- DATA SECTION -
Segment Open

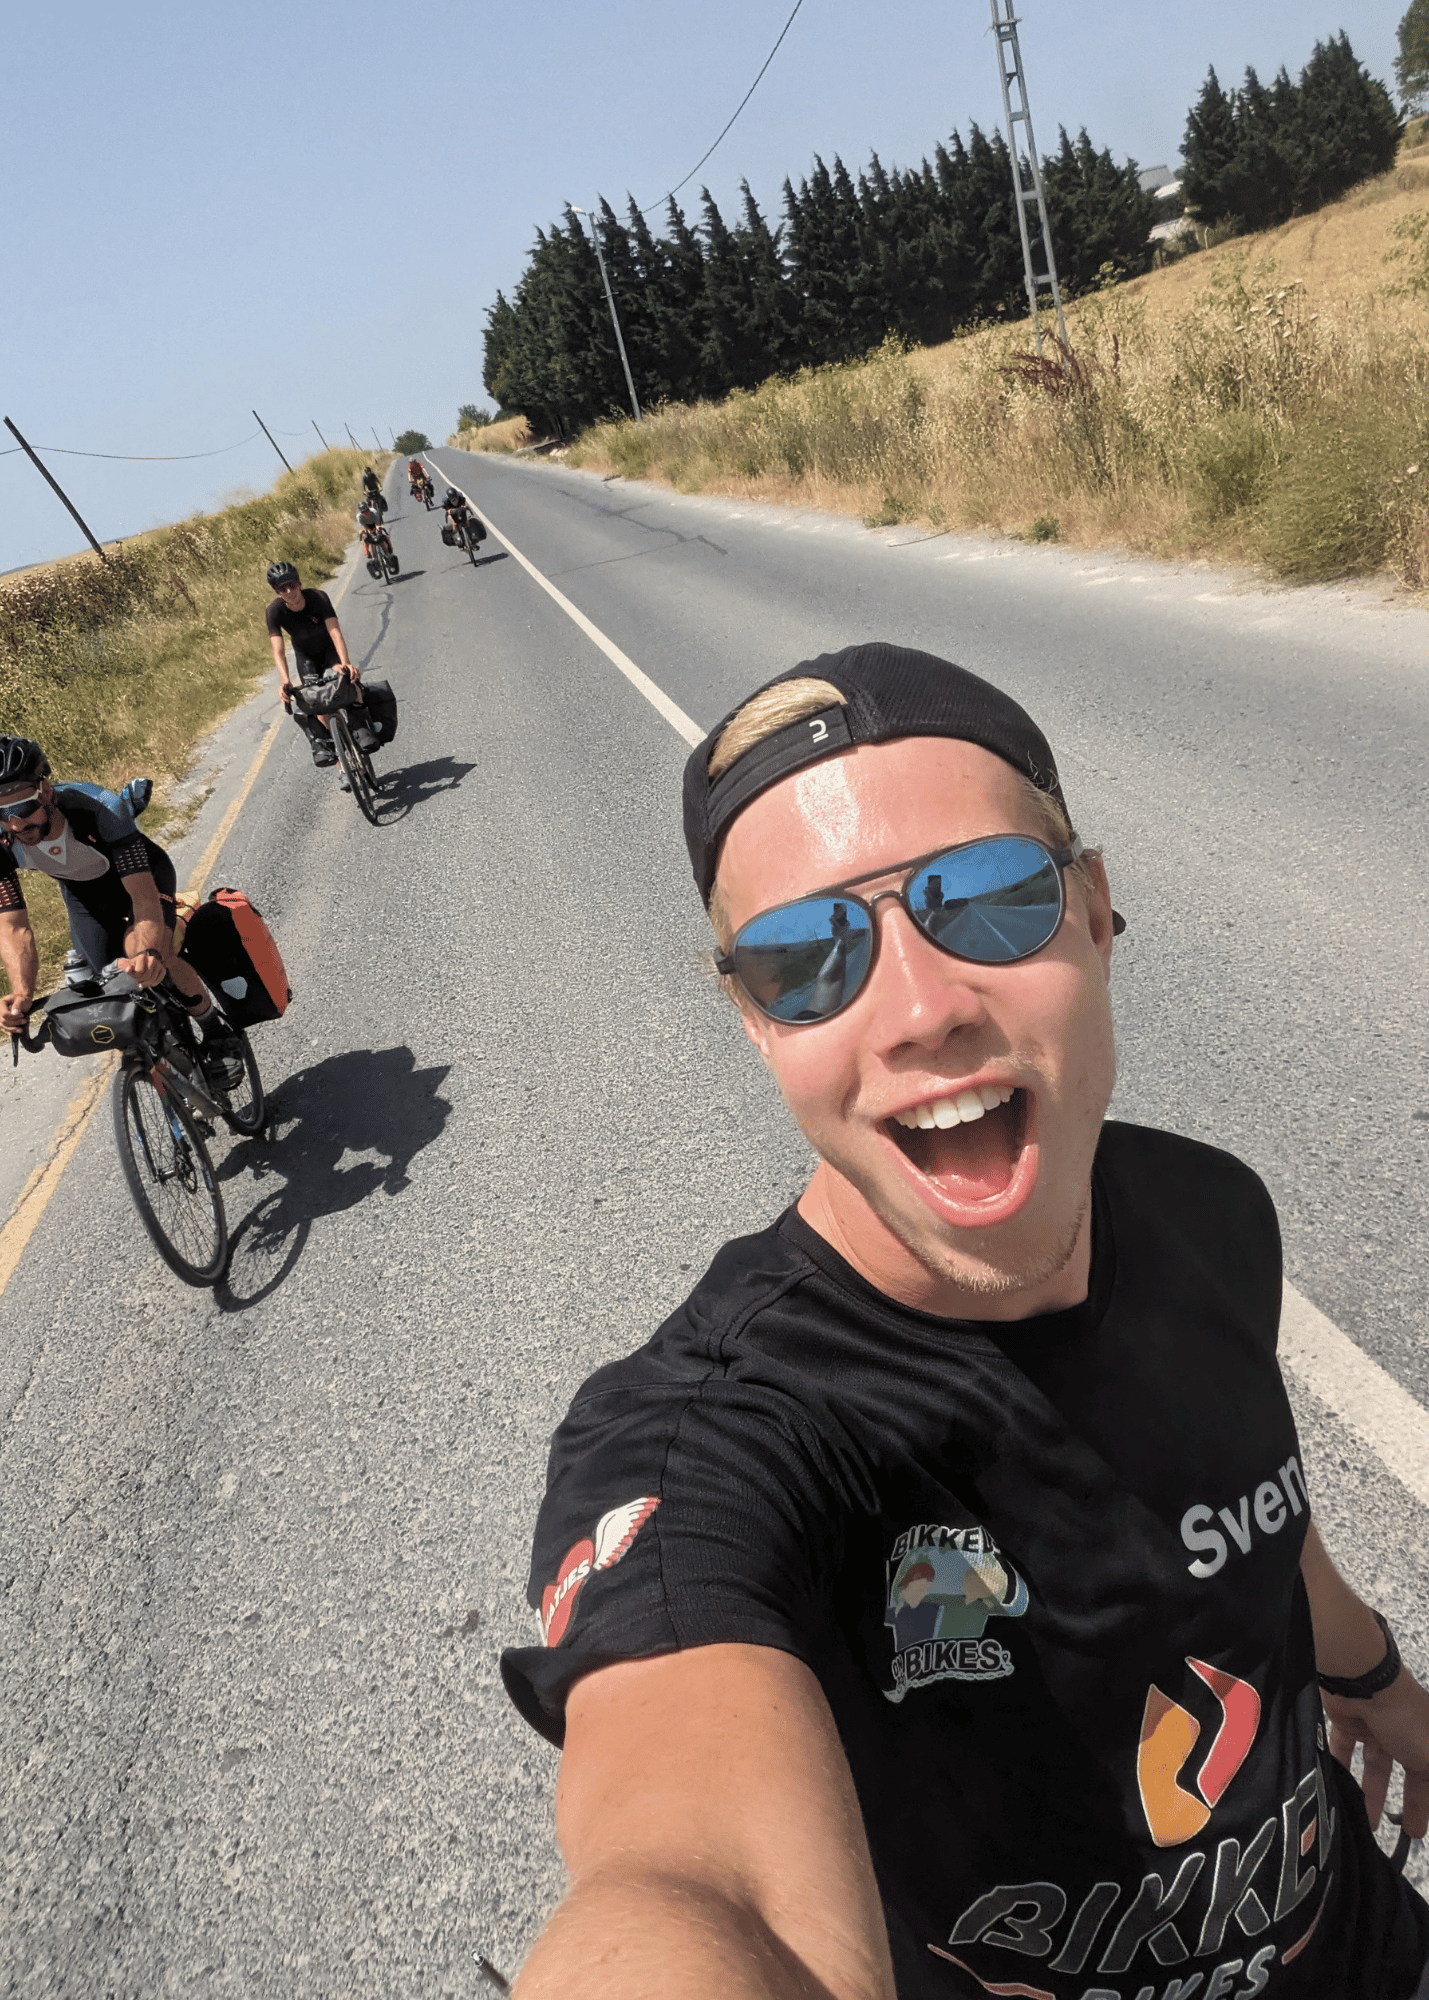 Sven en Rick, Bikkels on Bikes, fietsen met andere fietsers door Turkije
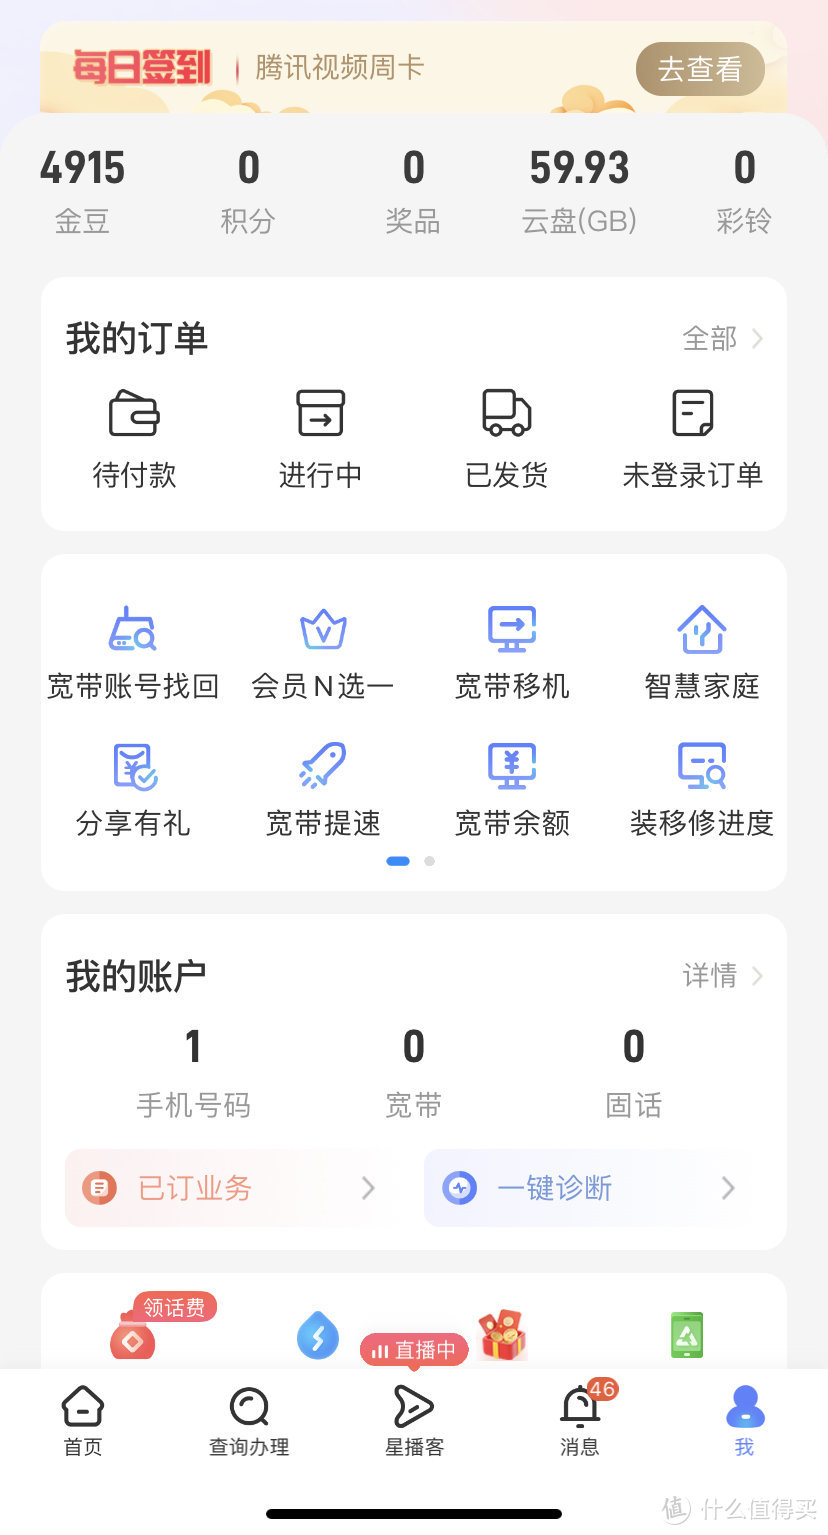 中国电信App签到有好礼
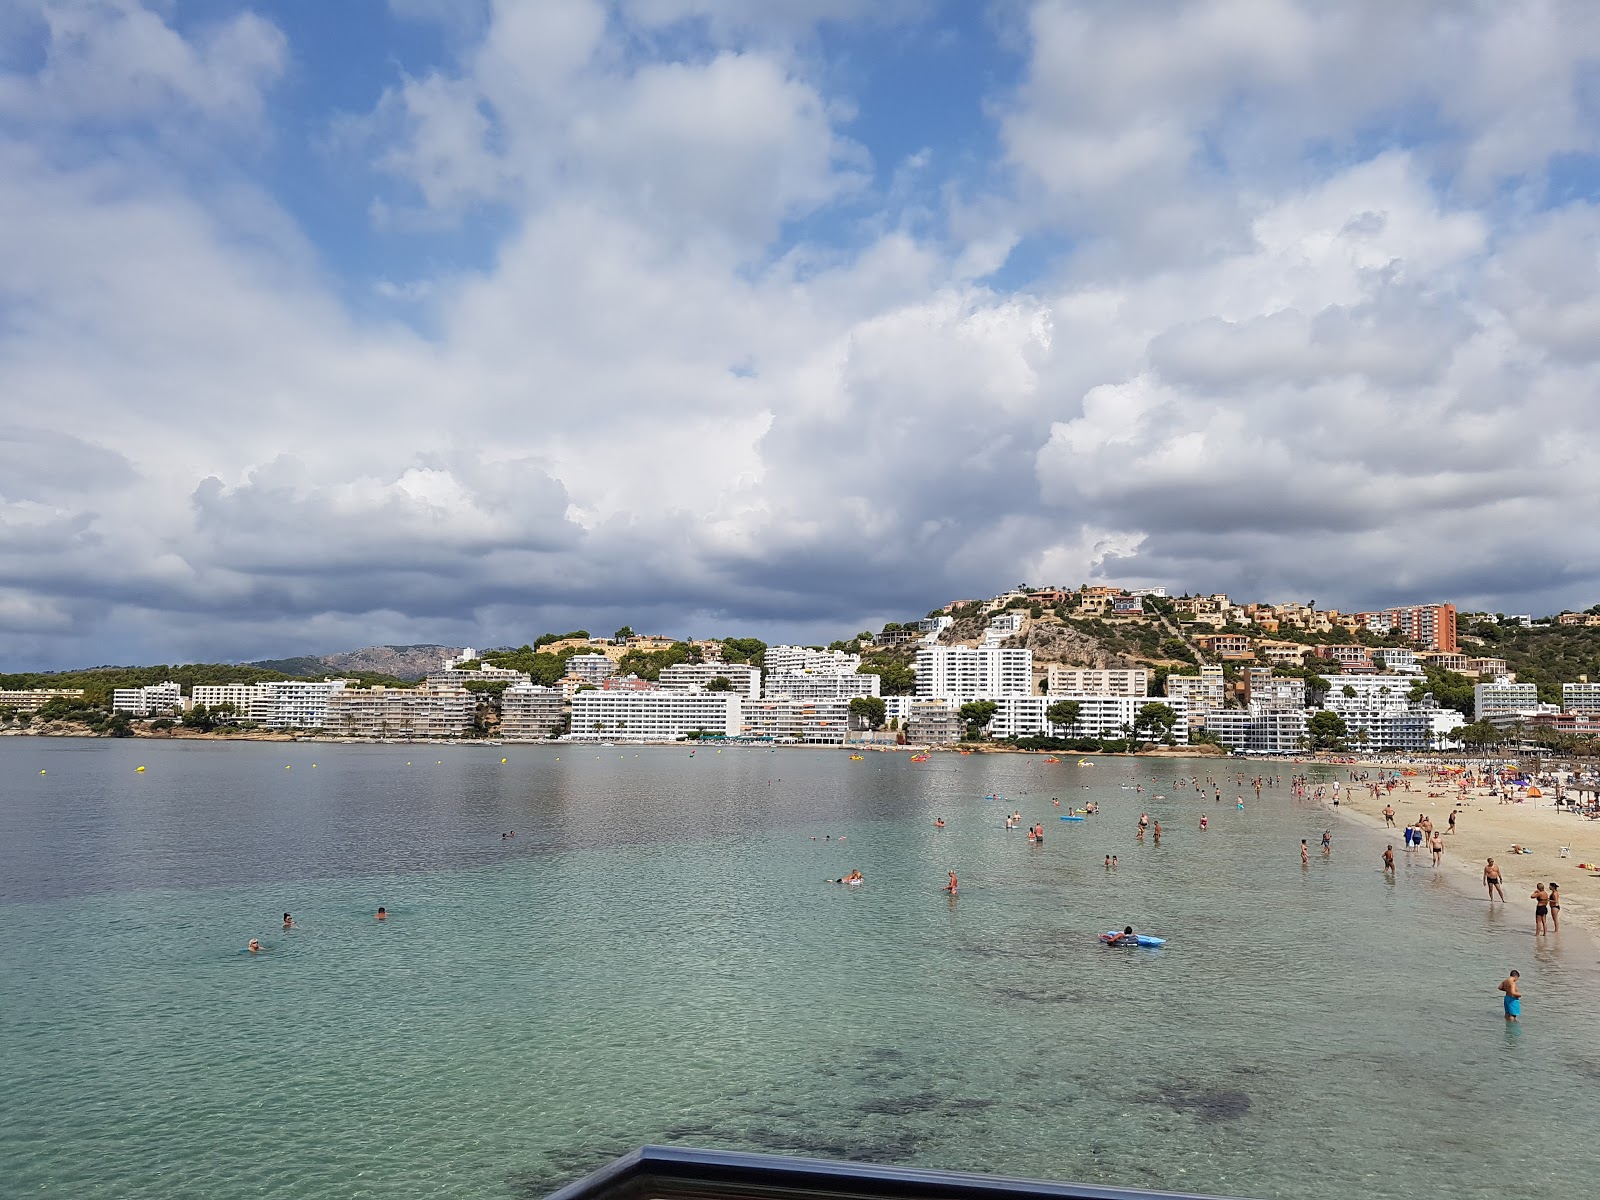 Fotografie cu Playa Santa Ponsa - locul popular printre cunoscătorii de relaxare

Segment Closed

- YOUR ASSIGNMENT -
Could you give again precisely the lines from the one containing "中国电信App签到有好礼" through the final line of the material above, both included, and no others, dropping the pictures?

- ANSWER TO THIS PROBLEM -
 中国电信App签到有好礼
 Fotografie cu Playa Santa Ponsa - locul popular printre cunoscătorii de relaxare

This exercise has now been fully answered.